🤖 AI Summary
This paper addresses the fundamental stability–plasticity dilemma in continual named entity recognition (CNER), where models struggle to retain prior knowledge while adapting to new entities. To resolve this, we propose a dual-perspective co-optimization framework jointly regulating representation and parameter spaces. Methodologically: (1) We design representation-dimension-aggregated knowledge distillation to mitigate excessive stability induced by conventional knowledge distillation; (2) we introduce a weight-guided selective fusion mechanism that dynamically balances parameter inheritance from old models and adaptation to new tasks; (3) we adopt a confidence-driven pseudo-labeling strategy to suppress semantic drift in non-entity classes. Evaluated across three benchmark datasets under ten diverse continual learning settings, our approach consistently outperforms existing state-of-the-art methods.
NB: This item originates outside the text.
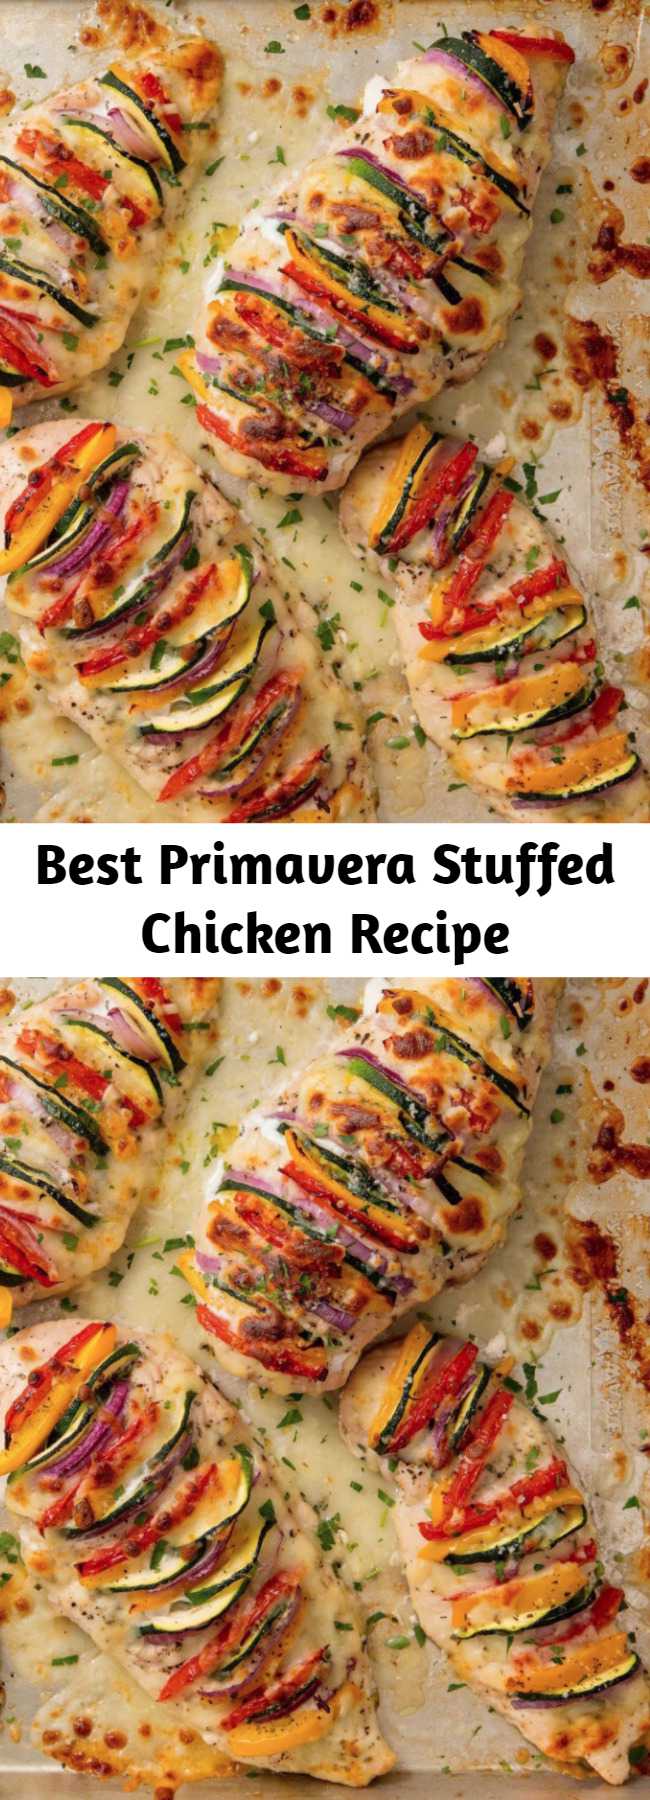 Best Primavera Stuffed Chicken Recipe - This is the opposite of boring, flavorless chicken breast. It's literally packed with colorful flavor. Bonus: It's insanely good for you! It's sooo pretty.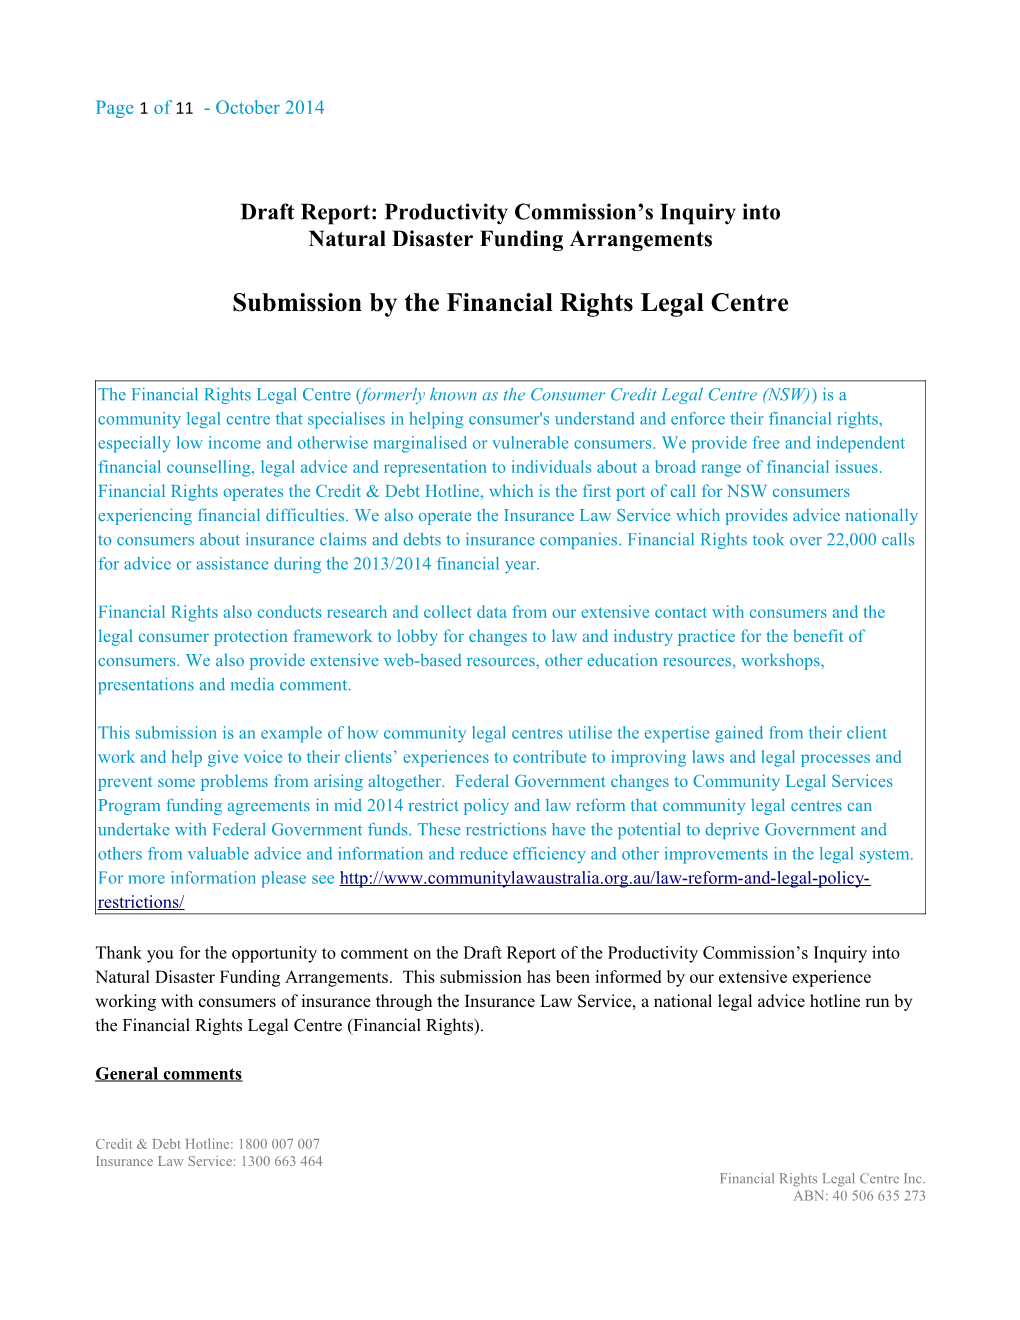 Submission DR130 - Financial Rights Legal Centre - Natural Disaster Funding - Public Inquiry

It is the first to achieve controllable trade-offs in both representation and parameter spaces, establishing an interpretable and scalable paradigm for CNER continual learning.
📝 Abstract
Continual Named Entity Recognition (CNER) is an evolving field that focuses on sequentially updating an existing model to incorporate new entity types. Previous CNER methods primarily utilize Knowledge Distillation (KD) to preserve prior knowledge and overcome catastrophic forgetting, strictly ensuring that the representations of old and new models remain consistent. Consequently, they often impart the model with excessive stability (i.e., retention of old knowledge) but limited plasticity (i.e., acquisition of new knowledge). To address this issue, we propose a Stability-Plasticity Trade-off (SPT) method for CNER that balances these aspects from both representation and weight perspectives. From the representation perspective, we introduce a pooling operation into the original KD, permitting a level of plasticity by consolidating representation dimensions. From the weight perspective, we dynamically merge the weights of old and new models, strengthening old knowledge while maintaining new knowledge. During this fusion, we implement a weight-guided selective mechanism to prioritize significant weights. Moreover, we develop a confidence-based pseudo-labeling approach for the current non-entity type, which predicts entity types using the old model to handle the semantic shift of the non-entity type, a challenge specific to CNER that has largely been ignored by previous methods. Extensive experiments across ten CNER settings on three benchmark datasets demonstrate that our SPT method surpasses previous CNER approaches, highlighting its effectiveness in achieving a suitable stability-plasticity trade-off.